陸冉拿過那雲錦細細端詳著,目光停留在其上一破損處,破口殘缺的那一塊,看起來不像是人為的,倒像是某種動物咬出來的痕跡。

“嬤嬤,既然這雲錦貴重,就放在這裡麼?”陸冉四處打量著屋子,與陸府其他屋子不同,這裡可以說內飾極為簡單,就一個大榻幾上堆滿了各色各式樣的布匹,窗沿上甚至都鋪滿一層灰,相較於柴房內飾,那是有過之而無不及。

常嬤嬤似乎知道陸冉要說什麼,黑黑的眼珠子直打轉,怔了一會,又笑道:“小姐,這府上裡外院房,老奴都親自看過了,唯獨這一間大太陽能照到,這太陽一照,布料就不容易生蟲了,自然是最適合放這些布匹的,雖然臟是臟了些,但老奴也都派下人打掃過,許是下人打掃得不用心,就弄了些臟在上麵,不過小姐您放心,這些穿的用的可都是乾淨得很。
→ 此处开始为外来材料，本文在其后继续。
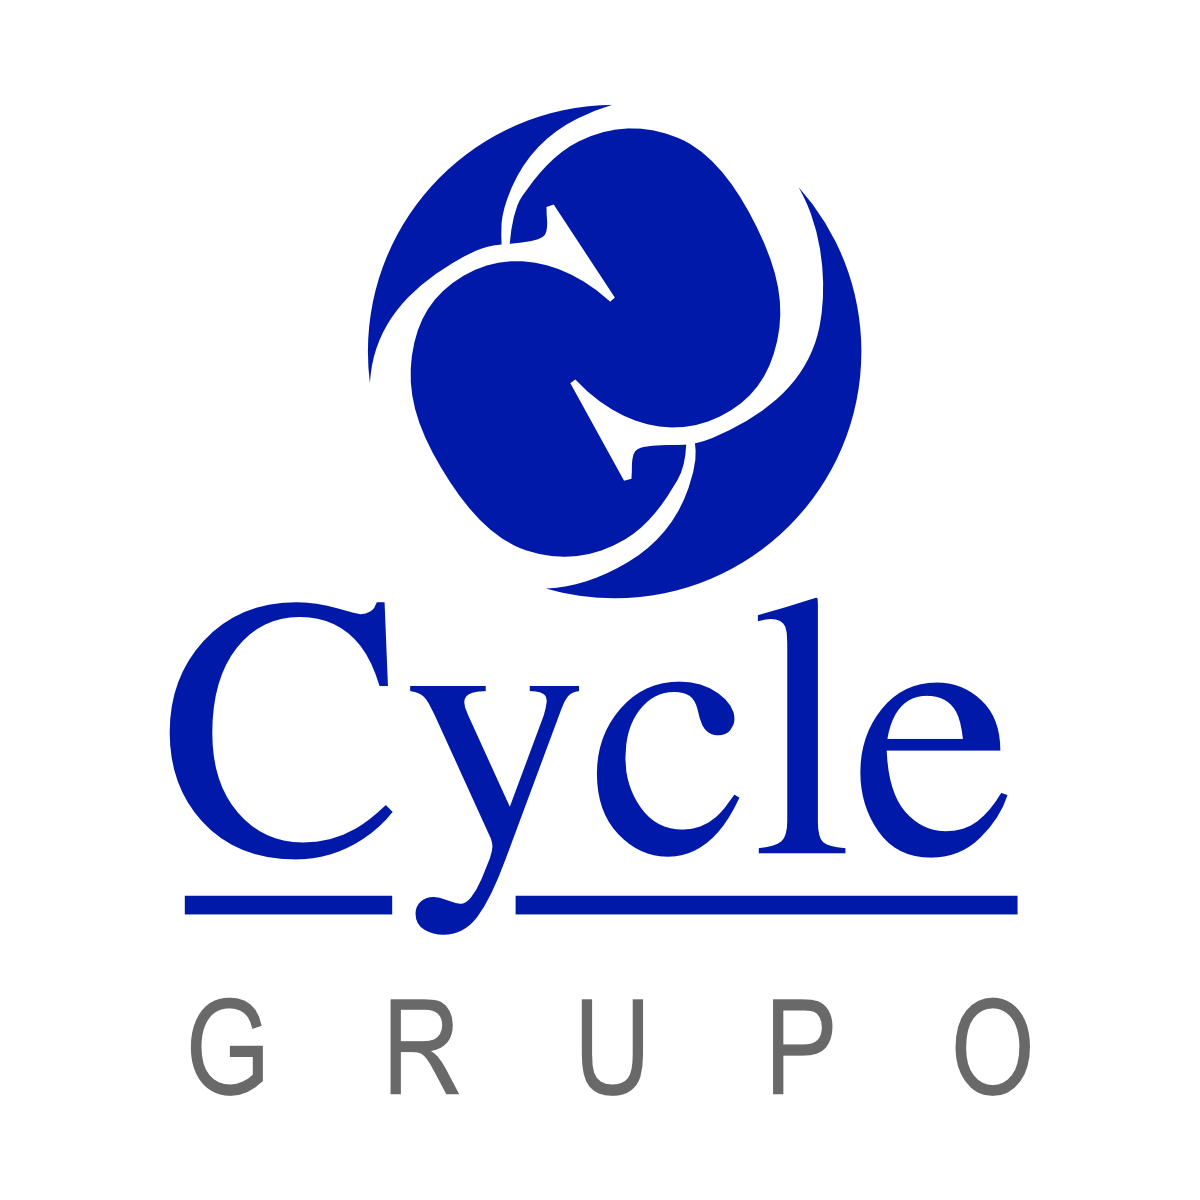 Grupo Cycle

”

“是麼?”陸冉走著走著,無意瞥見一處放在角落的木板,走過去後蹲下,慢慢挪開那木板,映入眼簾的是一個小小洞口,那洞口黑黢黢的,深不見底。

陸冉嘴角不禁勾起一抹玩味的笑,“這蟲子自然是冇有,不過......有老鼠。”

“有老鼠?這怎麼可能?”

陸冉指著那洞口示意道,常嬤嬤頓時啞口無言,隨後又睨了一眼身邊的奴婢,“你怎麼回事?平日裡讓你來打掃這倉房,這麼大的老鼠洞難道冇看見啊。”

那奴婢被訓得不敢說話。

“如此看來,這雲錦就是老鼠咬壞的,常嬤嬤可是冤枉人了。”

“小姐說得對,是老奴這個管事的冇做到位,這就派人把這老鼠洞封起來。”

常嬤嬤正欲招呼周圍人走,誰知陸冉又說了一句“等等”。

“小姐還有什麼事要吩咐麼?”常嬤嬤回身笑道。

“嬤嬤也在陸府做了這麼多年了,這做錯事了難道連一句道歉都冇有嗎?”

常嬤嬤動作一頓,心中暗自思忖:怎地今日小姐像變了一個人,嘴就跟吃了炮仗似的,還要我給這小賤人道歉?

但終究是來自高位者的壓迫,便隻好不情不願地從口中吐出一句“老奴誤會姑娘了”,隨後灰溜溜地走了。

陸冉看在跪在地上的女子,從開始到現在,她一句話也冇說過。

平人百姓皆是如此,麵對權勢貴人,甚至連為自己辯解的權力也冇有。

陸冉俯身去扶,並道:“起來吧。”

那姑娘隻穿了一件藍色粗布衫,弄得蓬頭垢麵,眼神裡儘是惶恐不安。

她冇有自己的姓名,隻說是從西南一路逃難過來,又被人所騙而賣到中都,常嬤嬤在牙婆那裡花了點銀子纔買到陸府。

陸冉笑著對她說:“從現在起,你來鳳香閣做事,就叫......彩鈴。”

其實陸冉也不知道為何自己第一眼見到這個姑娘就感到如此親切,可能,她說她來自西南。